22/04/08 18:58:29 INFO sqoop.Sqoop: Running Sqoop version: 1.4.6-cdh5.13.0
Enter password: 
22/04/08 18:58:40 INFO manager.MySQLManager: Preparing to use a MySQL streaming resultset.
22/04/08 18:58:40 INFO tool.CodeGenTool: Beginning code generation
22/04/08 18:58:40 INFO manager.SqlManager: Executing SQL statement: SELECT t.* FROM `customers` AS t LIMIT 1
22/04/08 18:58:40 INFO manager.SqlManager: Executing SQL statement: SELECT t.* FROM `customers` AS t LIMIT 1
22/04/08 18:58:40 INFO orm.CompilationManager: HADOOP_MAPRED_HOME is /usr/lib/hadoop-mapreduce
Note: /tmp/sqoop-cloudera/compile/d4e92057e12f71bb02c170e9c6aa826a/customers.java uses or overrides a deprecated API.
Note: Recompile with -Xlint:deprecation for details.
22/04/08 18:58:42 INFO orm.CompilationManager: Writing jar file: /tmp/sqoop-cloudera/compile/d4e92057e12f71bb02c170e9c6aa826a/customers.jar
22/04/08 18:58:43 INFO tool.ImportTool: Maximal id query for free form incremental import: SELECT MAX(`customer_id`) FROM `customers`
22/04/08 18:58:43 INFO tool.ImportTool: Incremental import based on column `customer_id`
22/04/08 18:58:43 INFO tool.ImportTool: Lower bound value: 0
22/04/08 18:58:43 INFO tool.ImportTool: Upper bound value: 12440
22/04/08 18:58:43 WARN manager.MySQLManager: It looks like you are importing from mysql.
22/04/08 18:58:43 WARN manager.MySQLManager: This transfer can be faster! Use the --direct
22/04/08 18:58:43 WARN manager.MySQLManager: option to exercise a MySQL-specific fast path.
22/04/08 18:58:43 INFO manager.MySQLManager: Setting zero DATETIME behavior to convertToNull (mysql)
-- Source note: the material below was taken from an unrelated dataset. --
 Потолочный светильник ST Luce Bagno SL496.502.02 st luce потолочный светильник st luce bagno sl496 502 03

22/04/08 18:58:43 INFO mapreduce.ImportJobBase: Beginning import of customers
22/04/08 18:58:43 INFO Configuration.deprecation: mapred.job.tracker is deprecated. Instead, use mapreduce.jobtracker.address
22/04/08 18:58:43 INFO Configuration.deprecation: mapred.jar is deprecated. Instead, use mapreduce.job.jar
22/04/08 18:58:43 INFO Configuration.deprecation: mapred.map.tasks is deprecated. Instead, use mapreduce.job.maps
22/04/08 18:58:43 INFO client.RMProxy: Connecting to ResourceManager at /0.0.0.0:8032
22/04/08 18:58:44 WARN hdfs.DFSClient: Caught exception 
java.lang.InterruptedException
	at java.lang.Object.wait(Native Method)
	at java.lang.Thread.join(Thread.java:1281)
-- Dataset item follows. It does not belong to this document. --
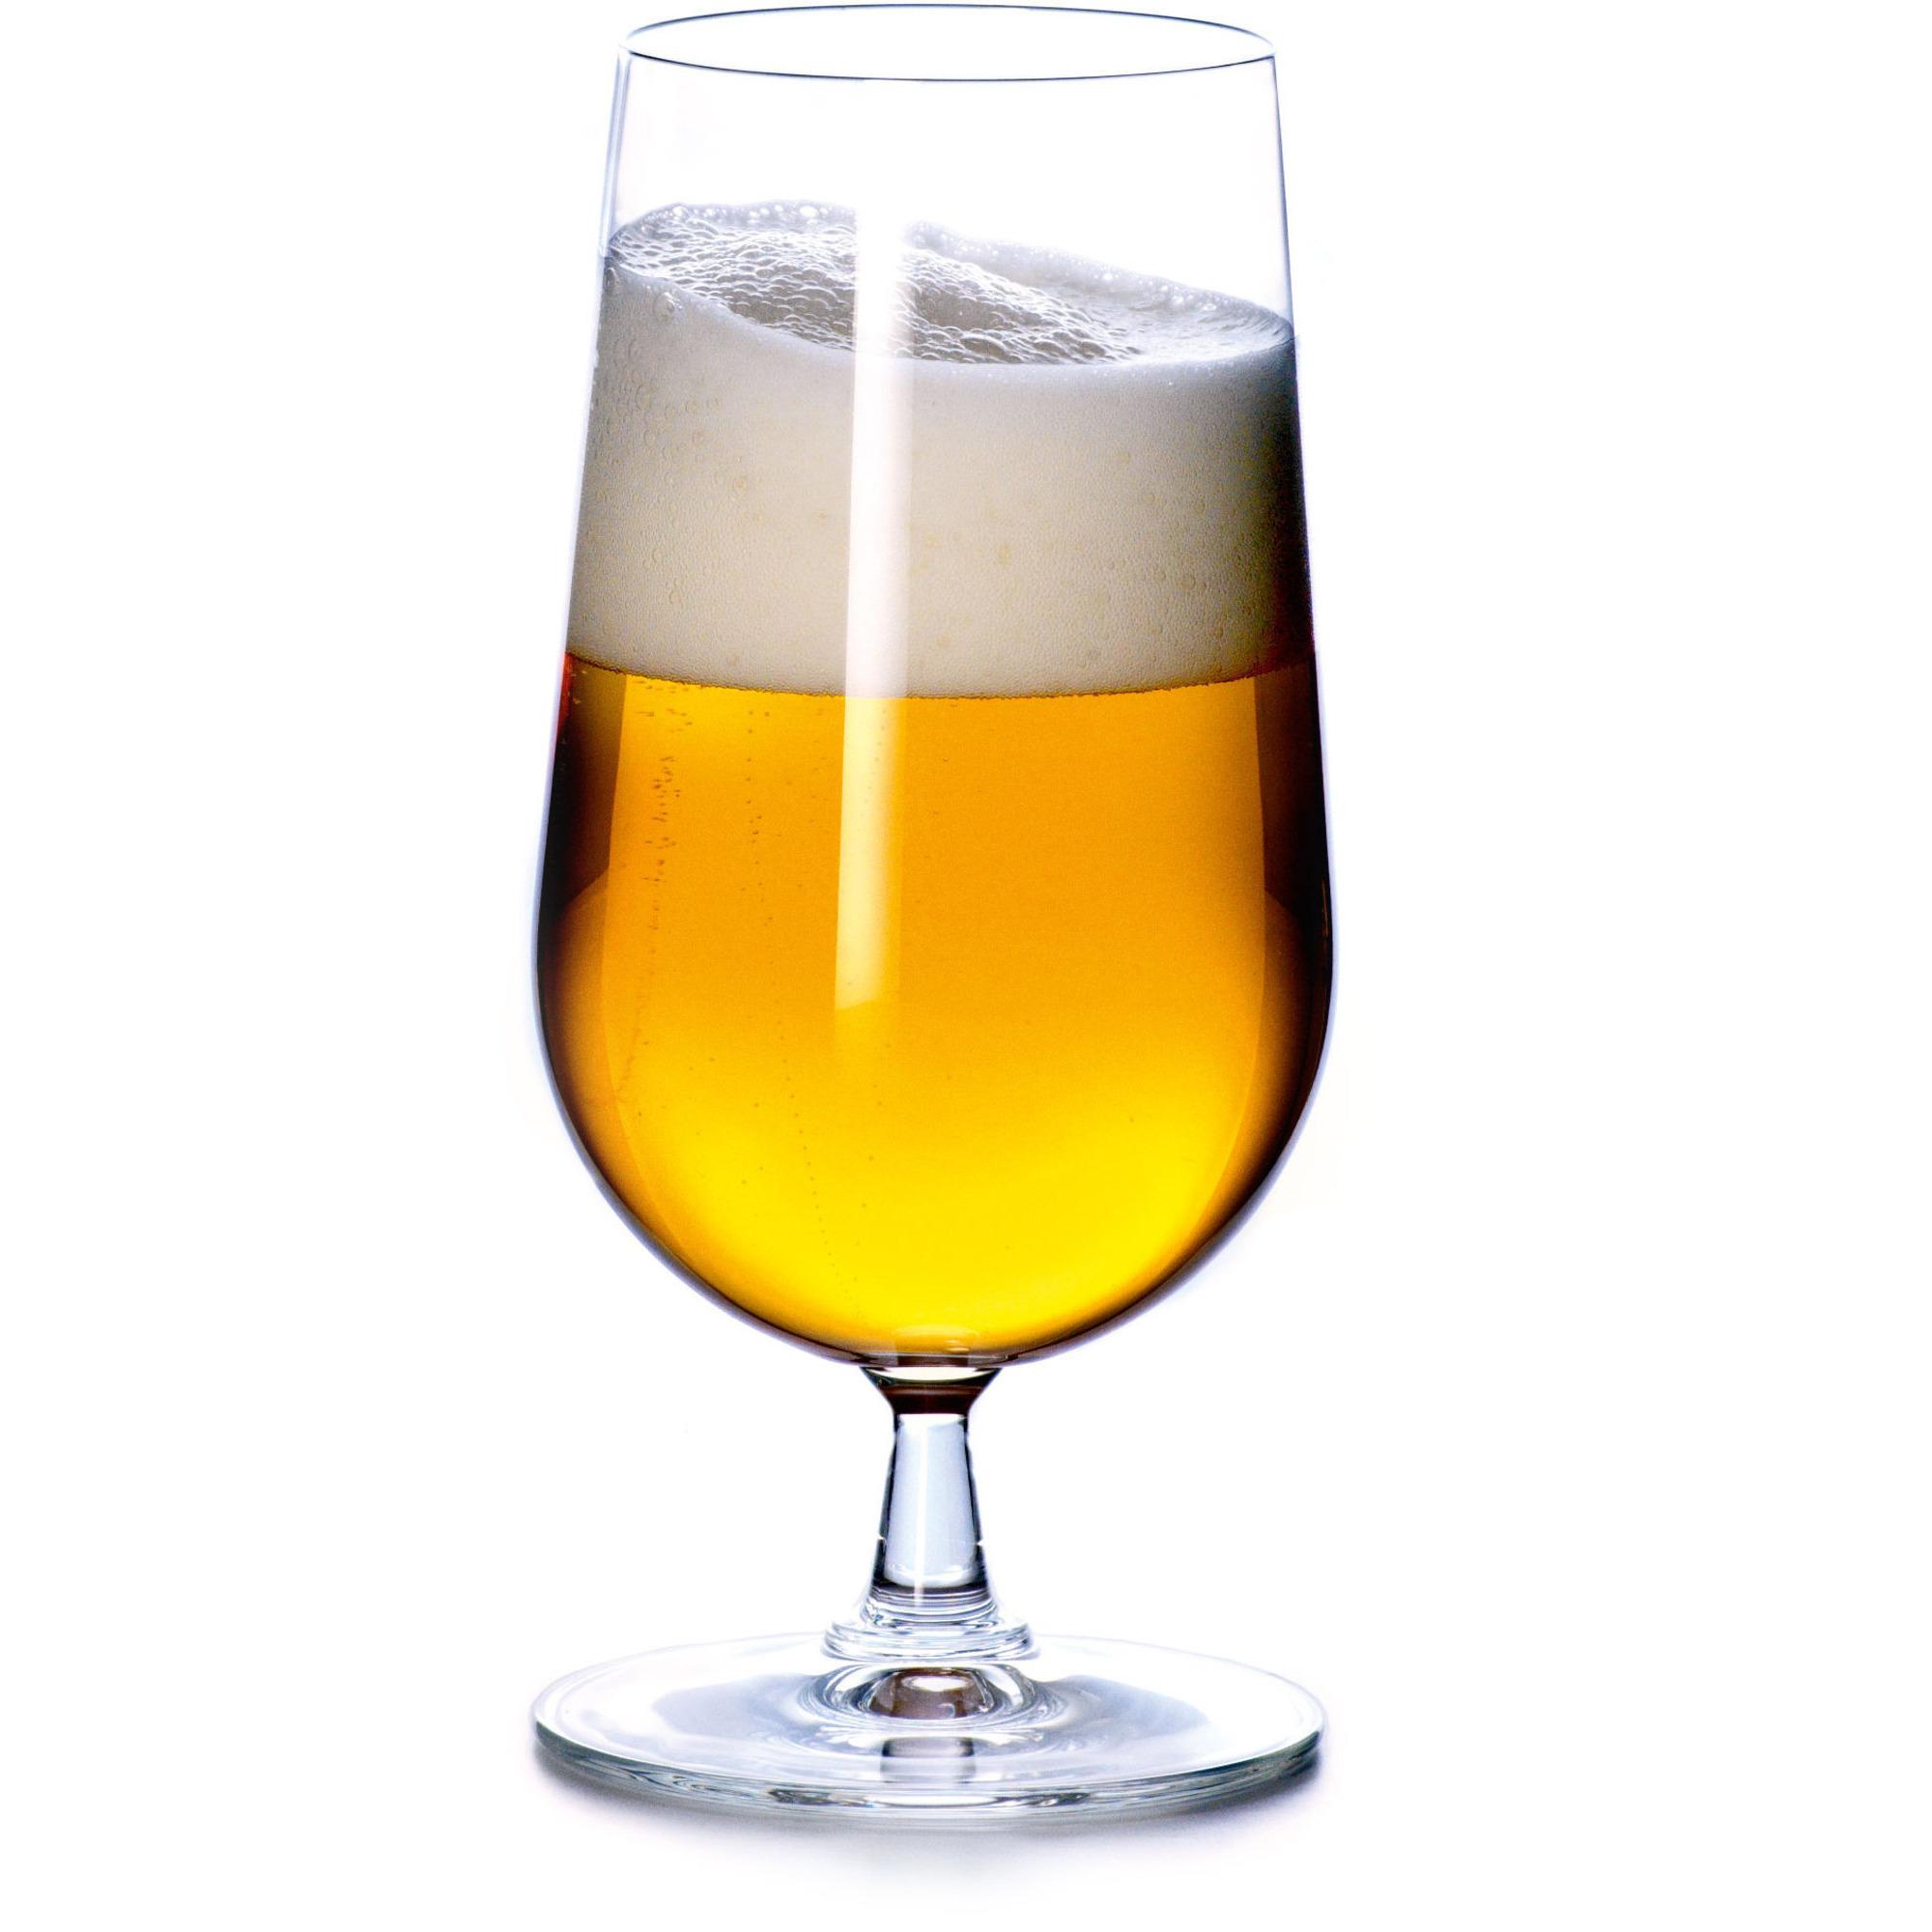 Rosendahl Grand Cru Ölglas 2 st 50 cl

	at java.lang.Thread.join(Thread.java:1355)
	at org.apache.hadoop.hdfs.DFSOutputStream$DataStreamer.closeResponder(DFSOutputStream.java:967)
	at org.apache.hadoop.hdfs.DFSOutputStream$DataStreamer.endBlock(DFSOutputStream.java:705)
	at org.apache.hadoop.hdfs.DFSOutputStream$DataStreamer.run(DFSOutputStream.java:894)
22/04/08 18:58:45 INFO db.DBInputFormat: Using read commited transaction isolation
22/04/08 18:58:45 INFO db.DataDrivenDBInputFormat: BoundingValsQuery: SELECT MIN(`customer_id`), MAX(`customer_id`) FROM `customers` WHERE ( `customer_id` > 0 AND `customer_id` <= 12440 )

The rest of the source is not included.